DATA SHOWN ::
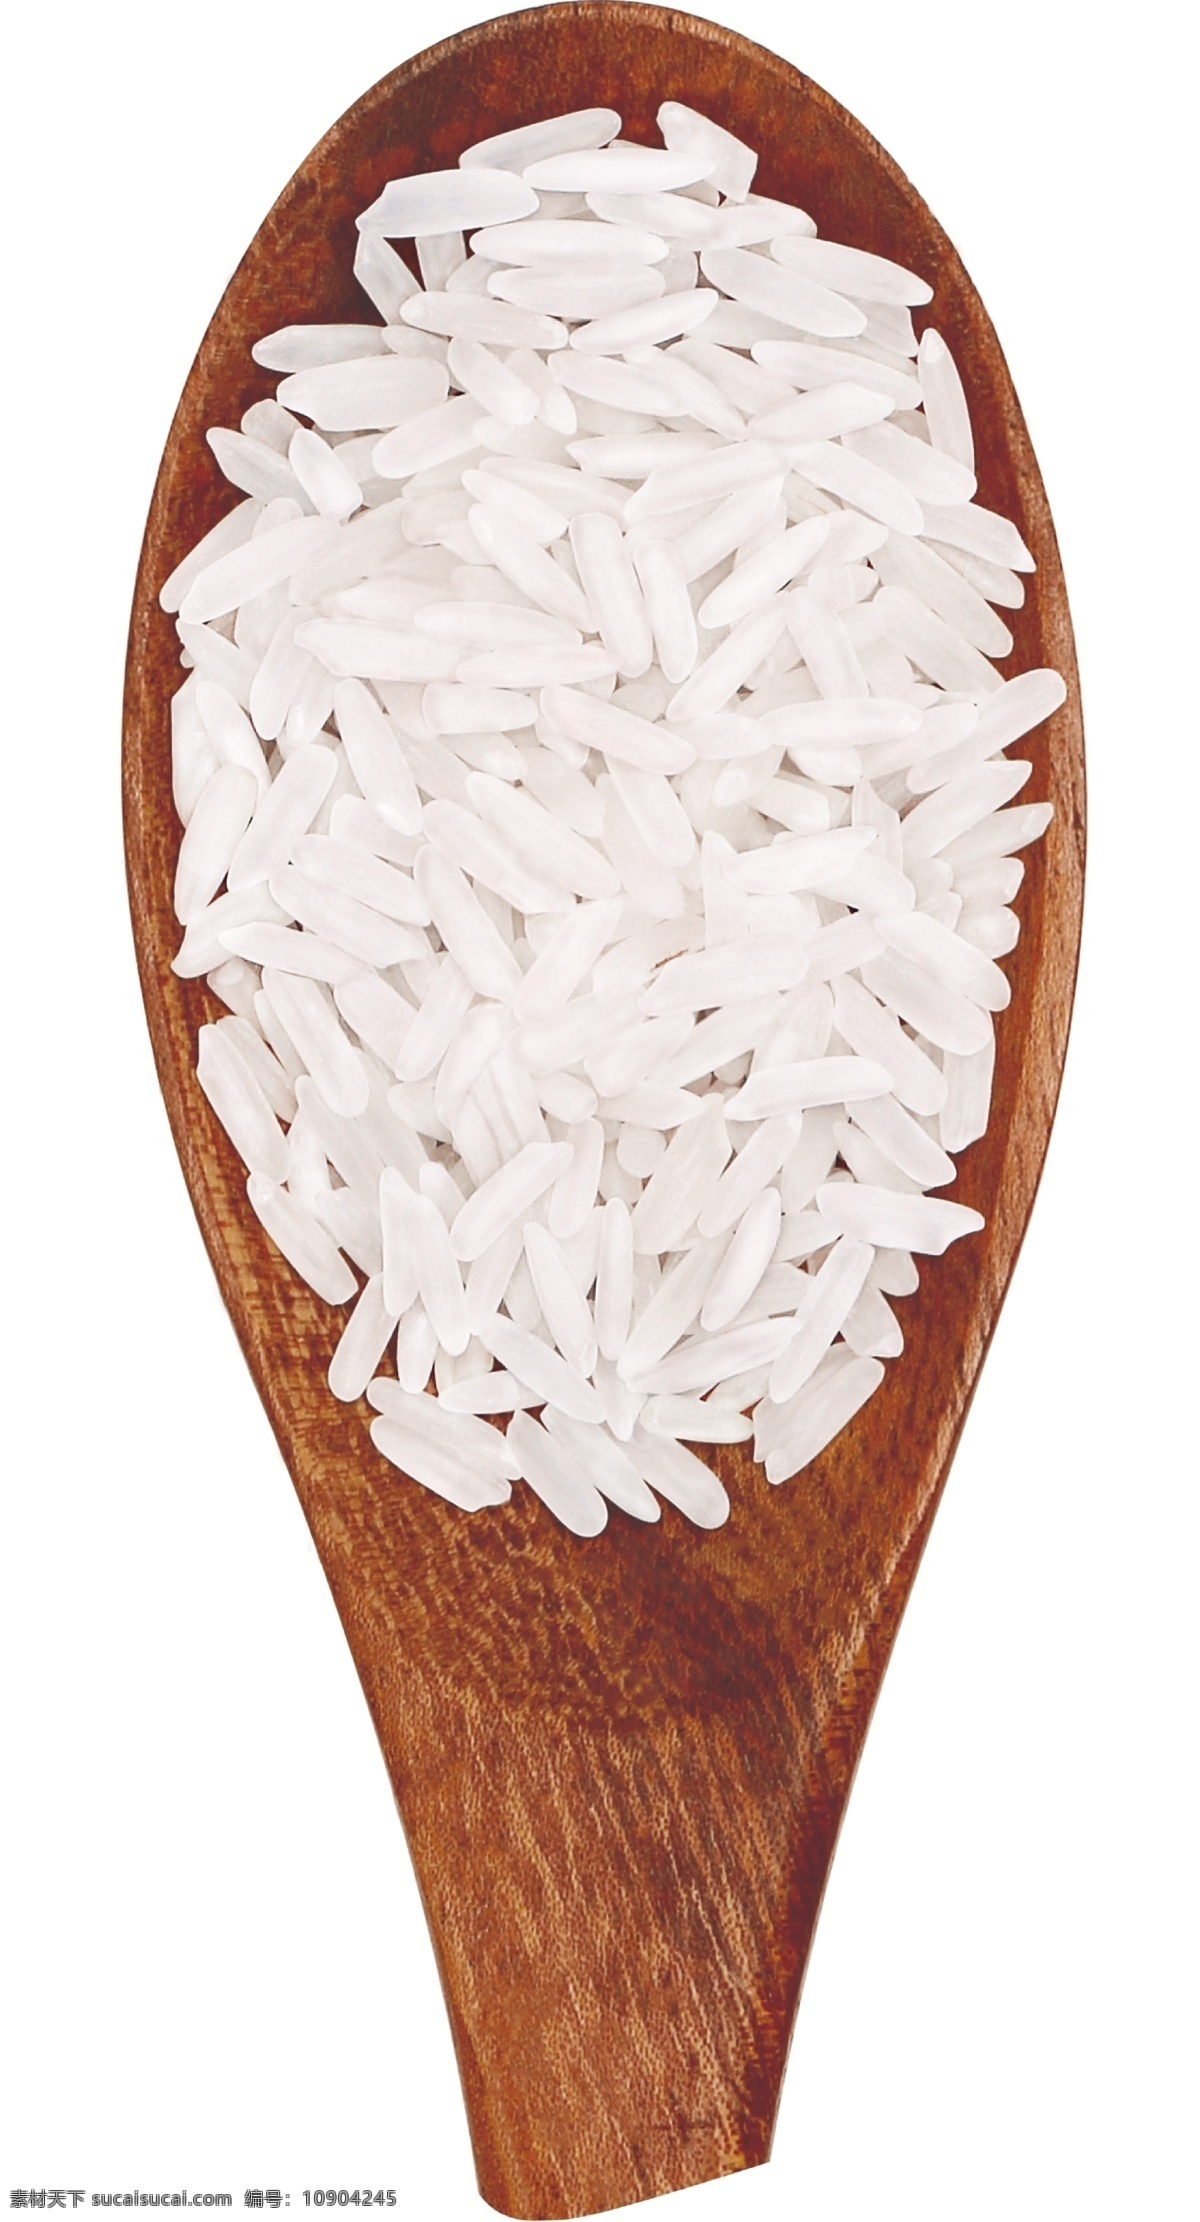 大米图片 大米 米 米粒 糯米 香米 干货 分层
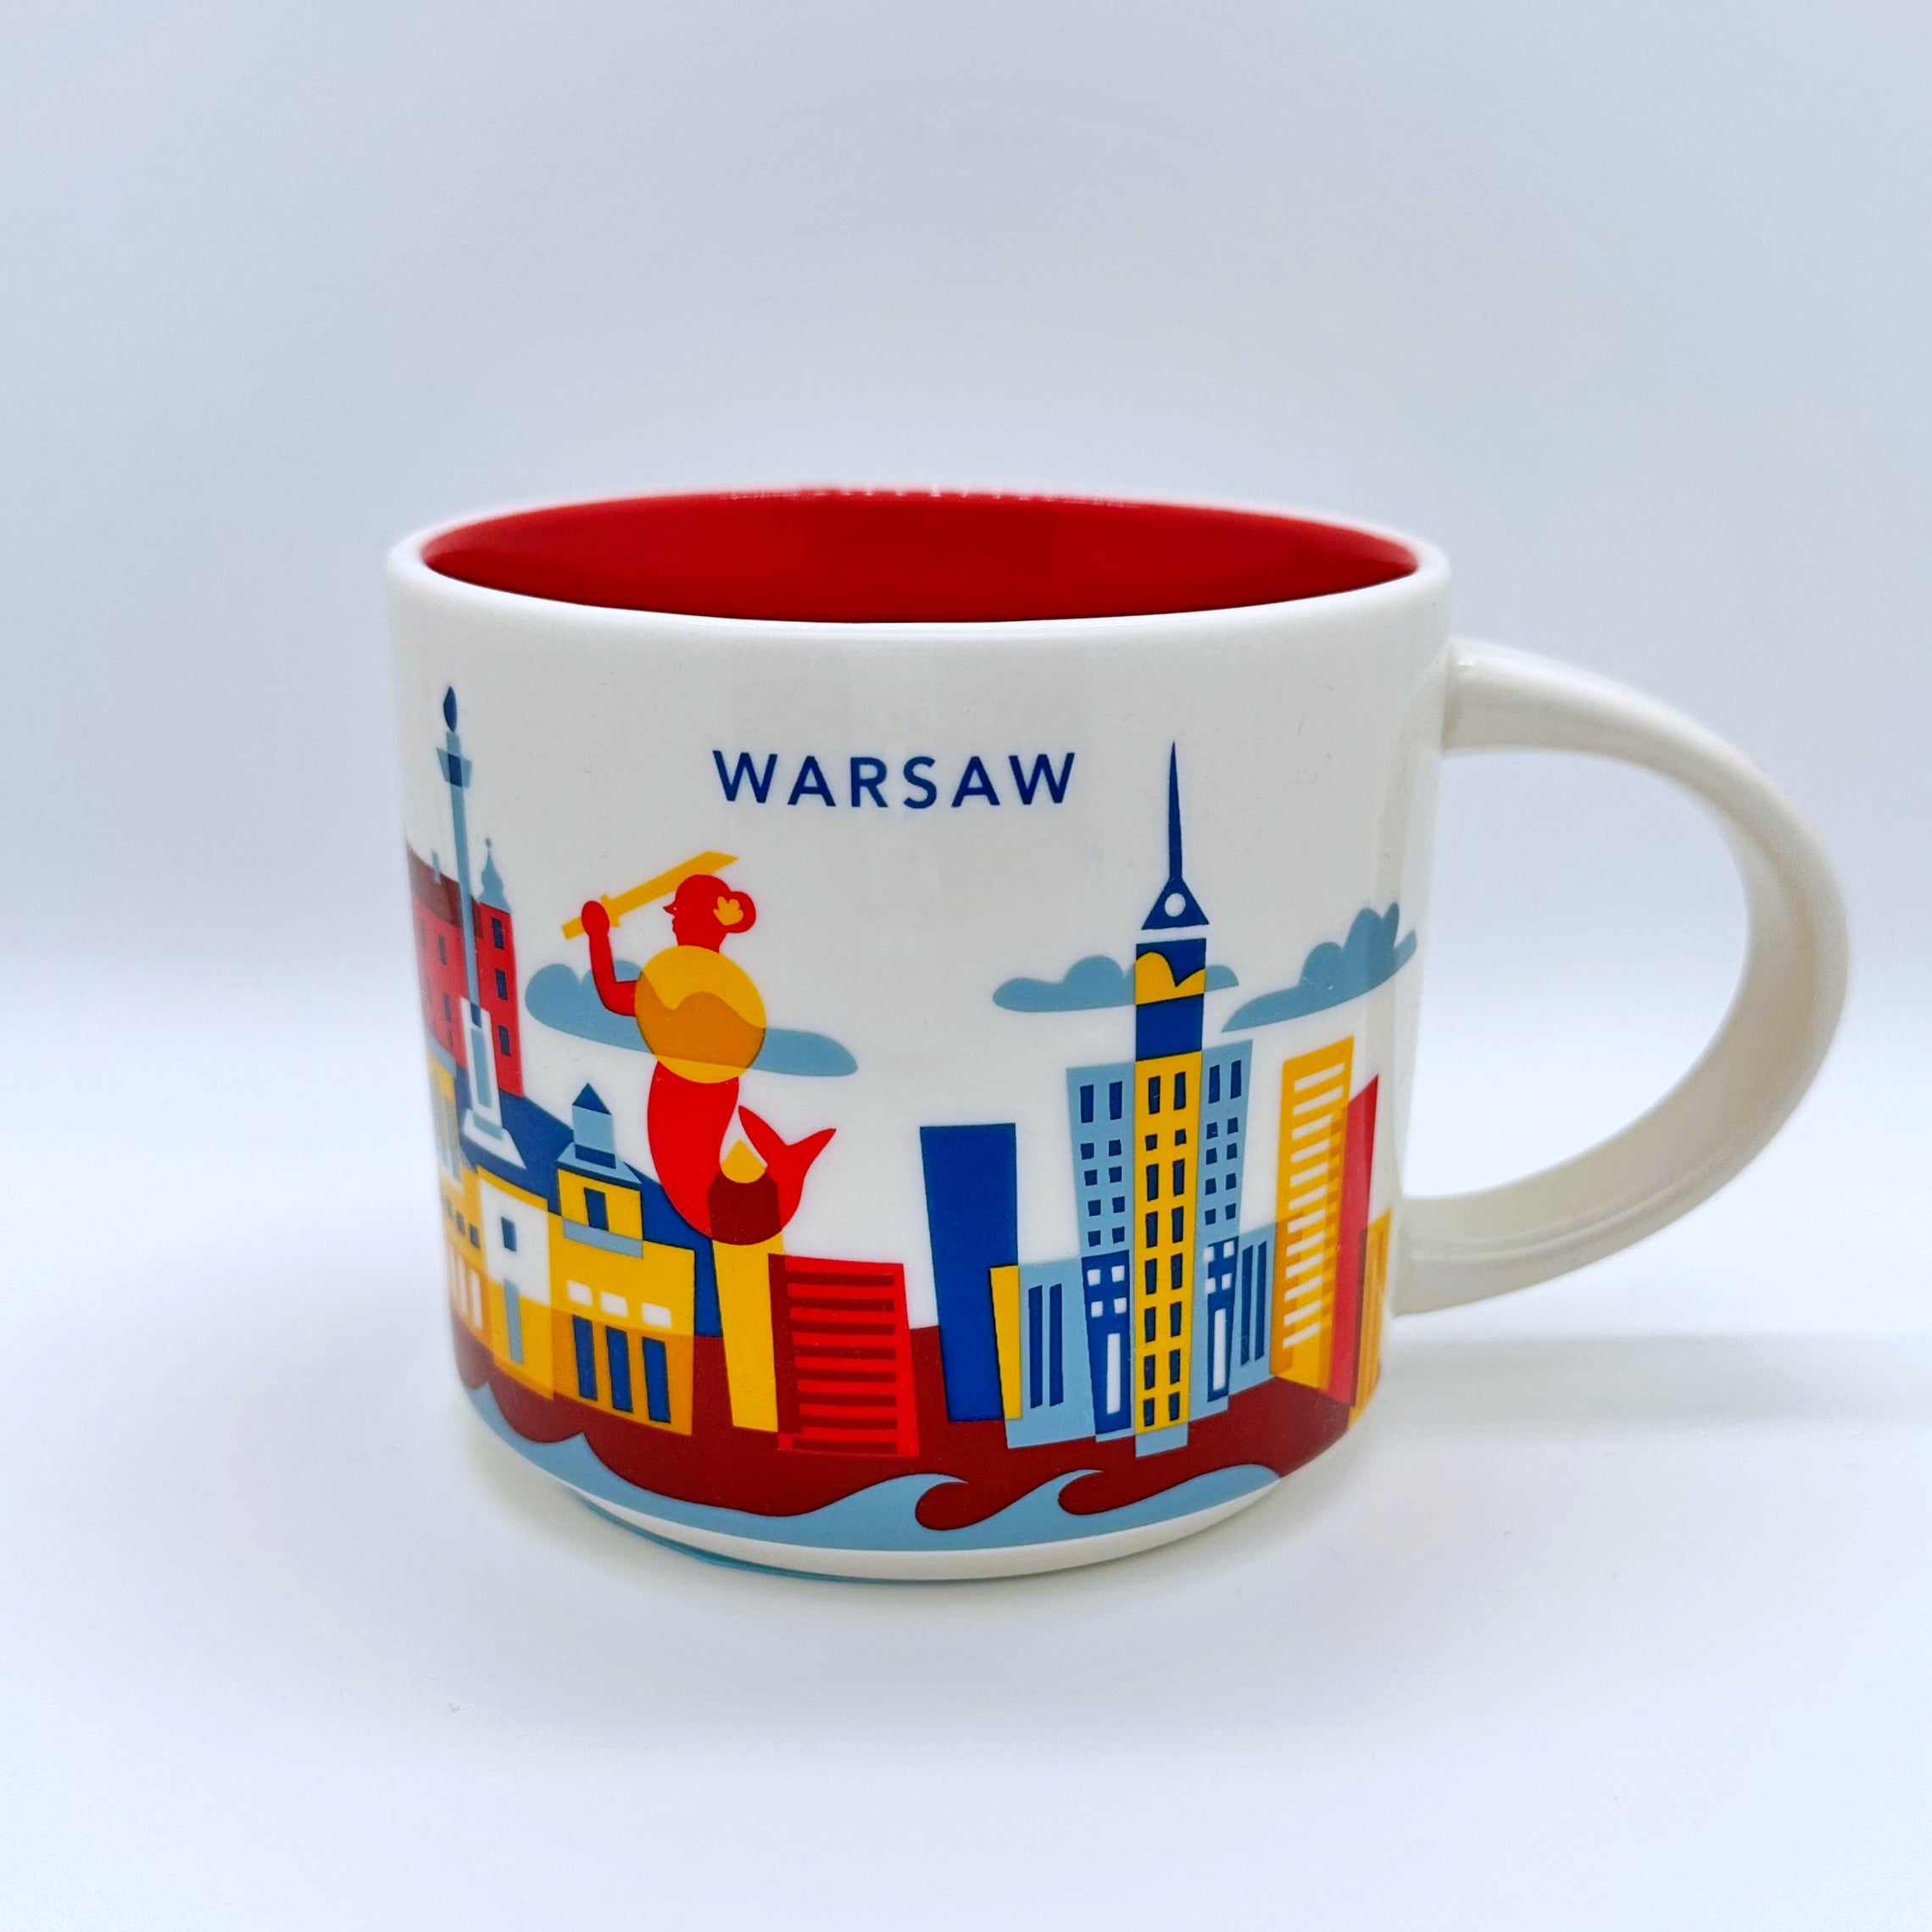 Kaffee Tee und Cappuccino Tasse von Starbucks mit gemalten Bildern aus der Stadt Warschau
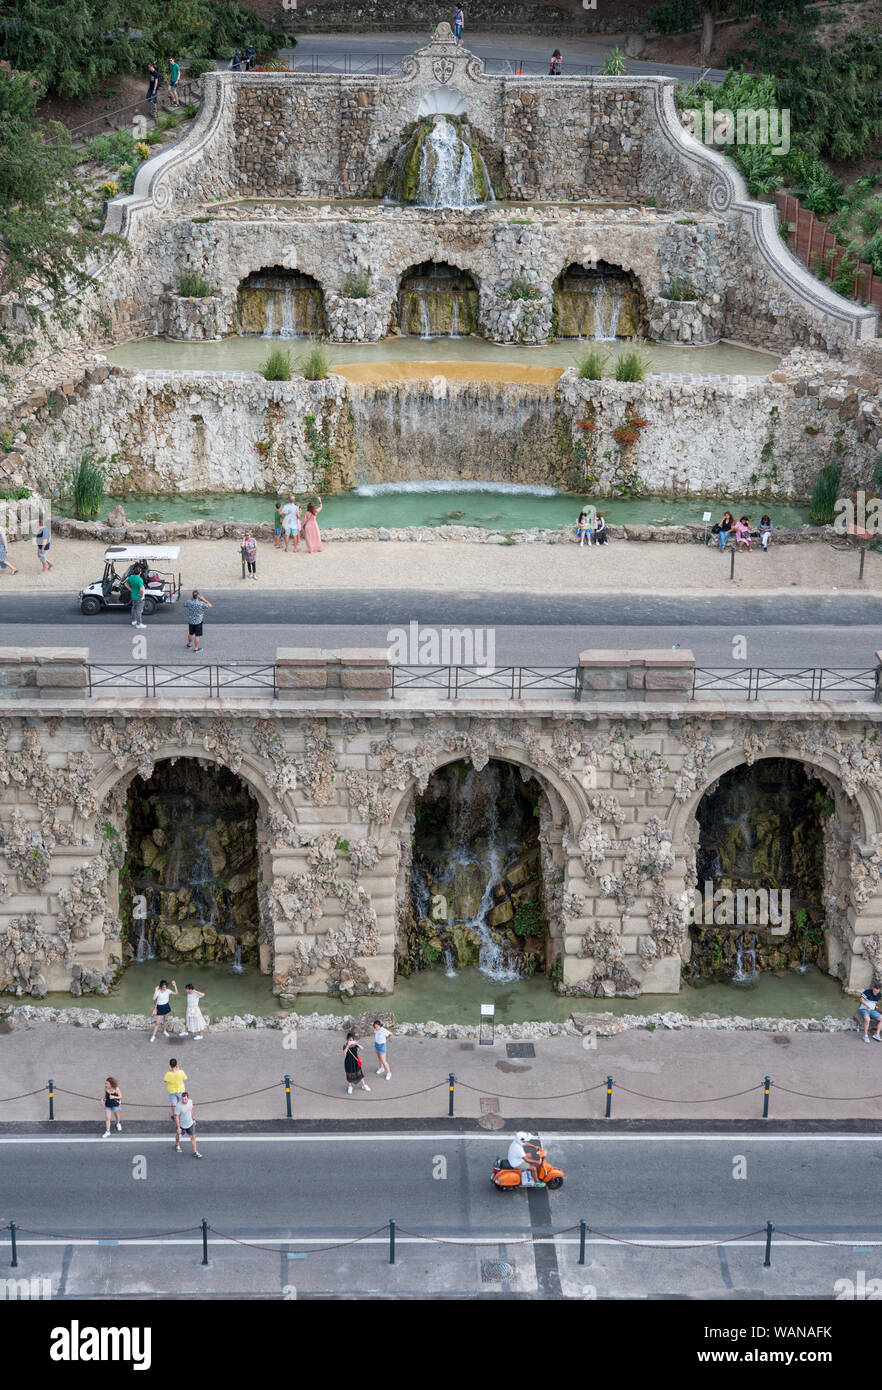 Firenze, Italia - 2019, agosto 16: il Poggi di rampe (Rampe del Poggi) con la bella fontana system, è un iconico punto di riferimento fiorentino. Foto Stock
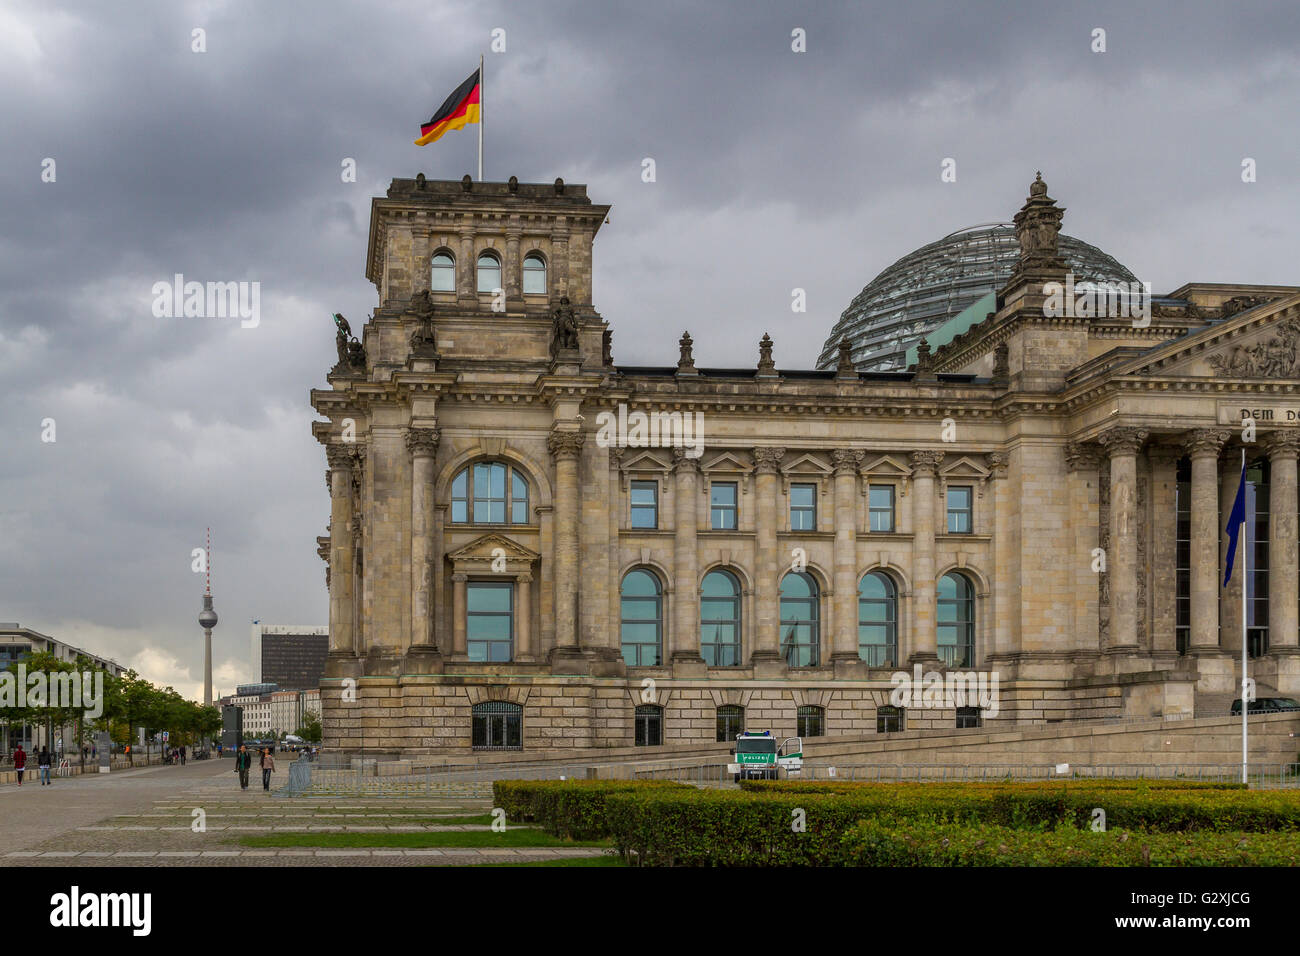 El edificio Reichstag, que alberga el parlamento alemán o el parlamento alemán con una gran cúpula de vidrio diseñada por Sir Norman Foster Foto de stock

TASK INSTRUCTIONS :: Exactly as written above, print every line of the data but not its pictures.

OUTPUT FOR THIS EXERCISE ::
 大米图片 大米 米 米粒 糯米 香米 干货 分层
 Kaffee Tee und Cappuccino Tasse von Starbucks mit gemalten Bildern aus der Stadt Warschau
 Firenze, Italia - 2019, agosto 16: il Poggi di rampe (Rampe del Poggi) con la bella fontana system, è un iconico punto di riferimento fiorentino. Foto Stock
 El edificio Reichstag, que alberga el parlamento alemán o el parlamento alemán con una gran cúpula de vidrio diseñada por Sir Norman Foster Foto de stock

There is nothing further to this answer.